WordPress.org

Make WordPress Core

Opened 5 months ago

Last modified 4 months ago

#26094 new defect (bug)

sanitize_file_name() breaks some UTF-8 strings

Reported by: p_enrique Owned by:
Milestone: Future Release Priority: normal
Severity: normal Version: 2.1
Component: Formatting Keywords: has-patch commit 3.9-early
Focuses: Cc:

Description

I've been testing sanitize_file_name( 'X.jpg' ) where X is an Unicode character that is a number or a letter (matching regex /[\p{L}\p{N}]/u).
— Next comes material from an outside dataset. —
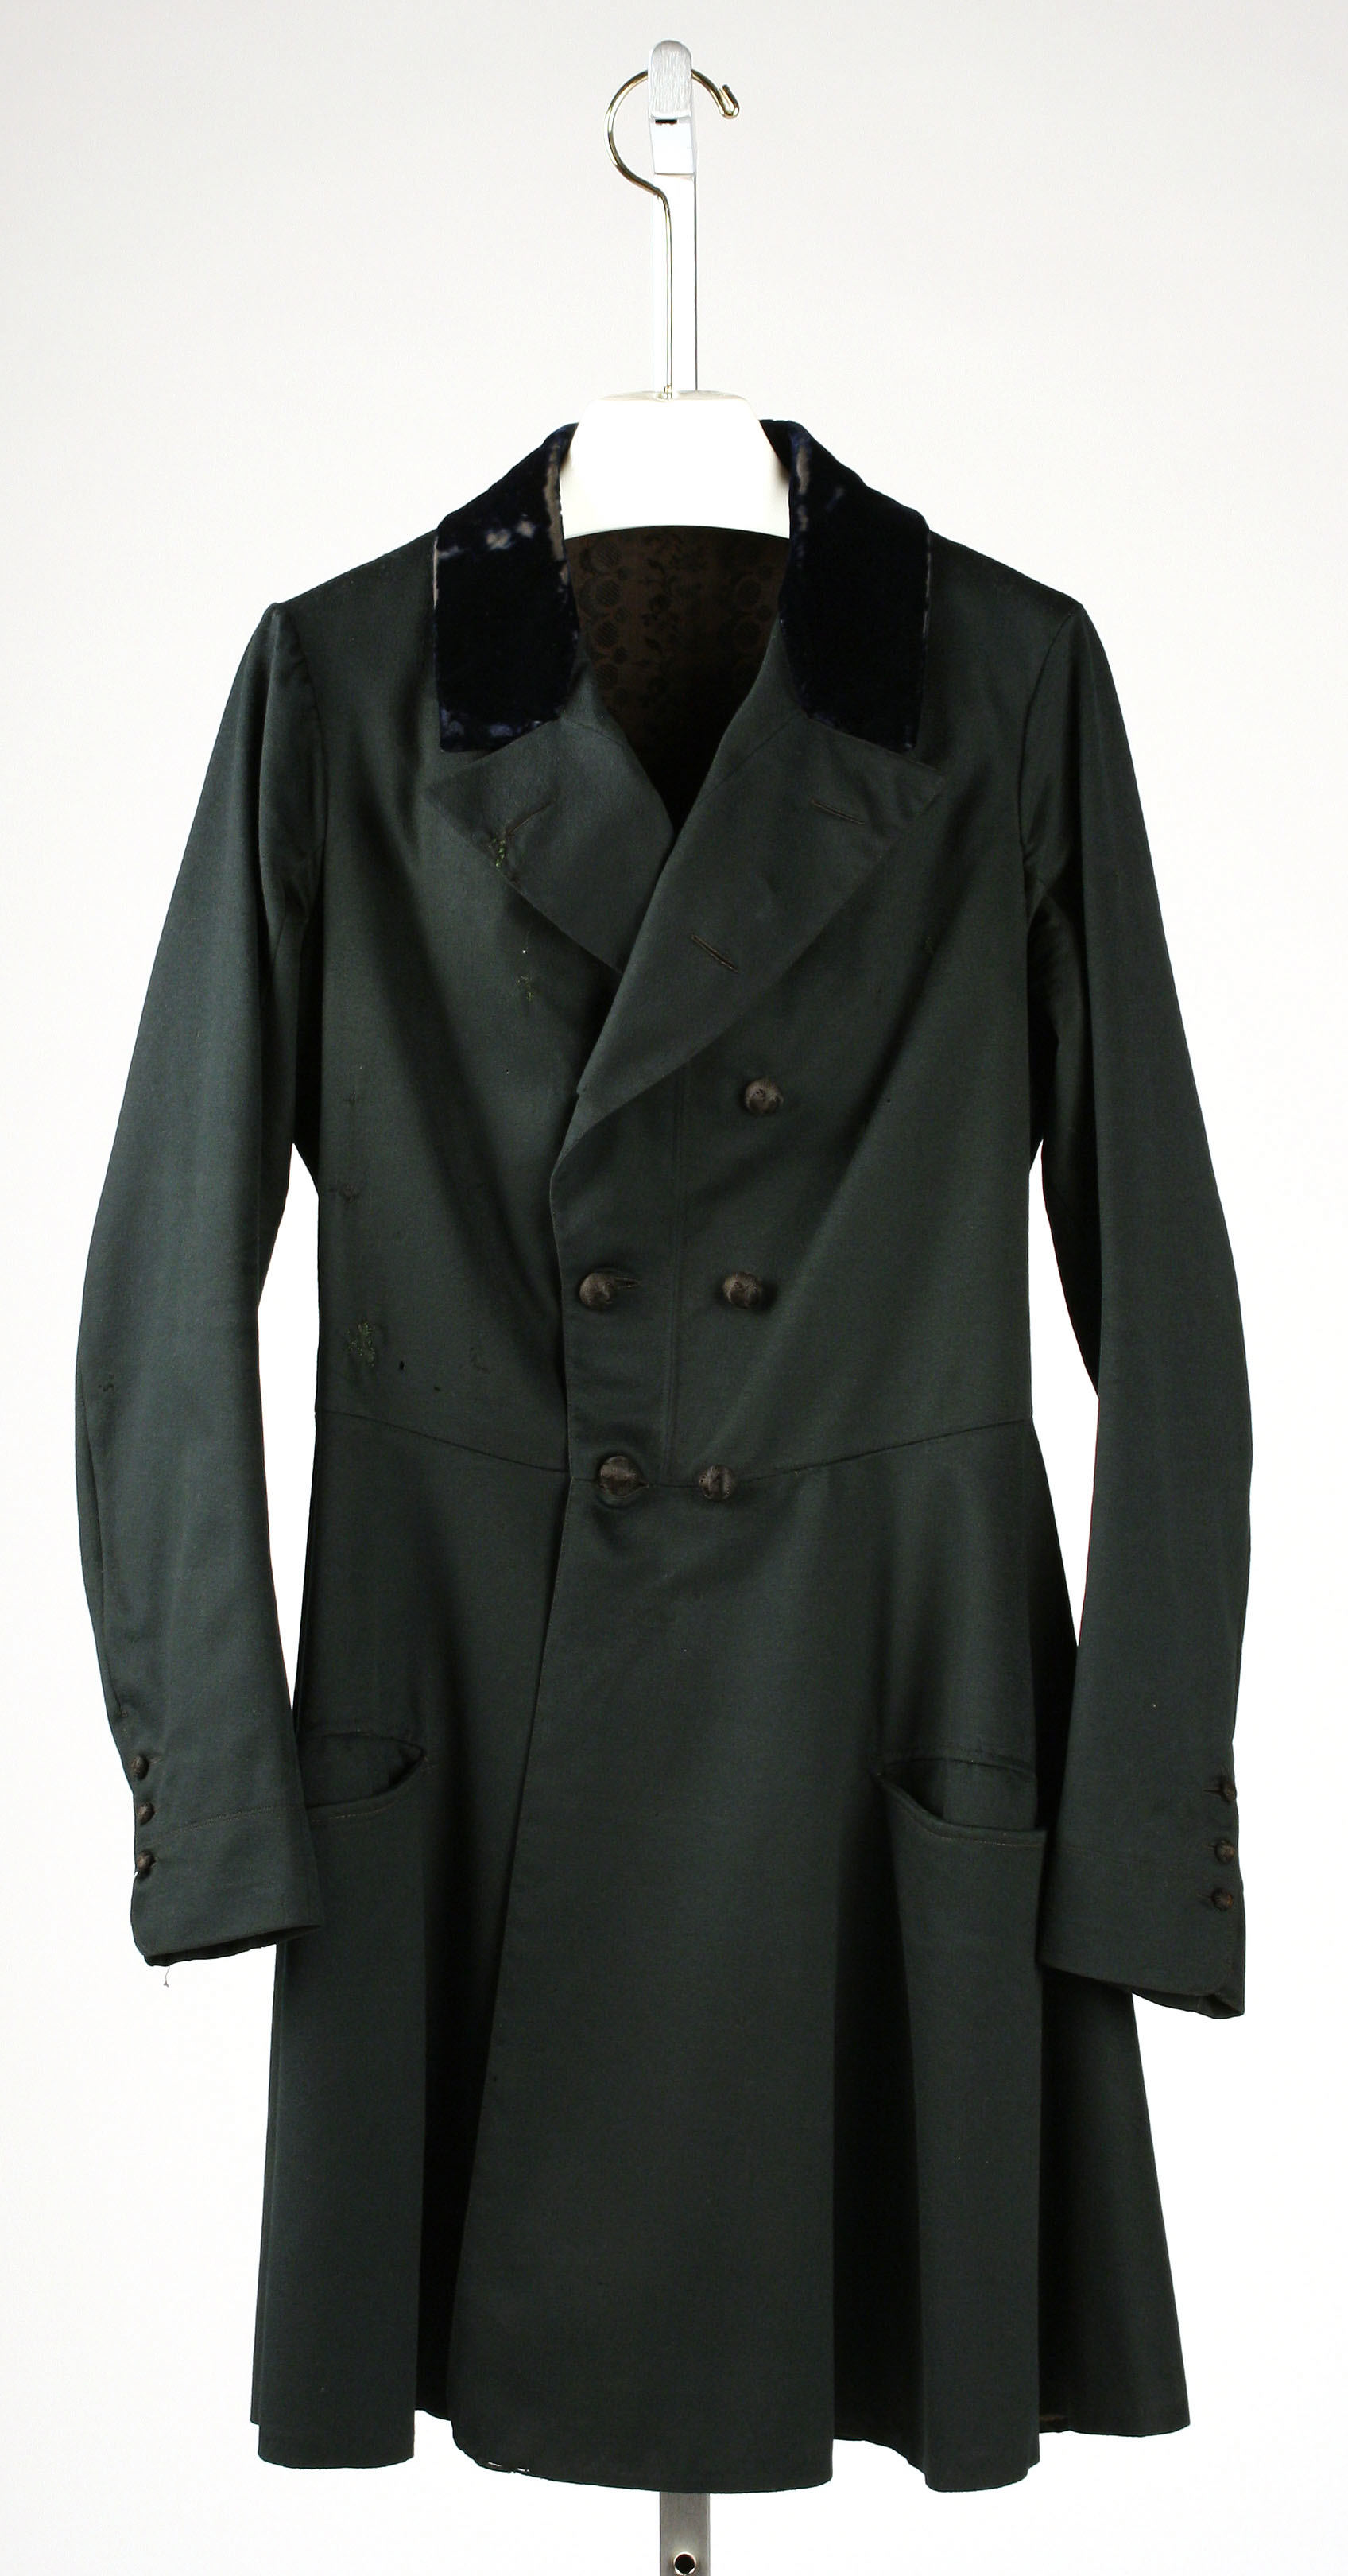 Frock coat | American | The Metropolitan Museum of Art
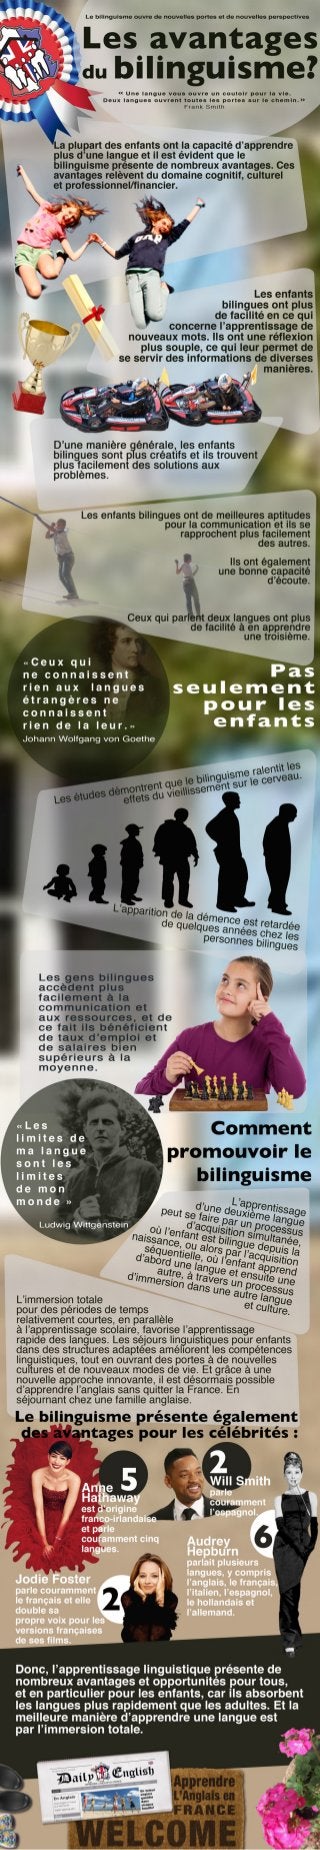 Séjours linguistiques en France par DailyEnglish

Alarmingly, there are many rather common characters that will result in a malformed, broken string being returned:

(U+00E0) : à Latin small letter a with grave
(U+0160) : Š Latin capital letter s with caron
(U+03A0) : Π Greek capital letter pi
(U+0420) : Р Cyrillic capital letter er

The problem seems to be caused by the preg_replace function without a Unicode pattern modifier.

Attachments (3)

26094.patch (1.1 KB) - added by p_enrique 5 months ago.
Add /u pattern modifier to preg_replace
26094.2.patch (1.1 KB) - added by p_enrique 5 months ago.
Add /u pattern modifier to preg_replace with error suppression
26094.3.patch (602 bytes) - added by p_enrique 4 months ago.
use '/[\r\n\t -]+/' instead of '/[\s-]+/'

Download all attachments as: .zip

Change History (9)

p_enrique5 months ago

Add /u pattern modifier to preg_replace

comment:1 p_enrique5 months ago

  • Keywords has-patch added
  • Version set to trunk

comment:3 SergeyBiryukov5 months ago

I think \p{Z} might cause a warning if PCRE was compiled without Unicode property support:

preg_match() [function.preg-match]: Compilation failed: PCRE does not support \L, \l, \N, \P, \p, \U, \u, or \X.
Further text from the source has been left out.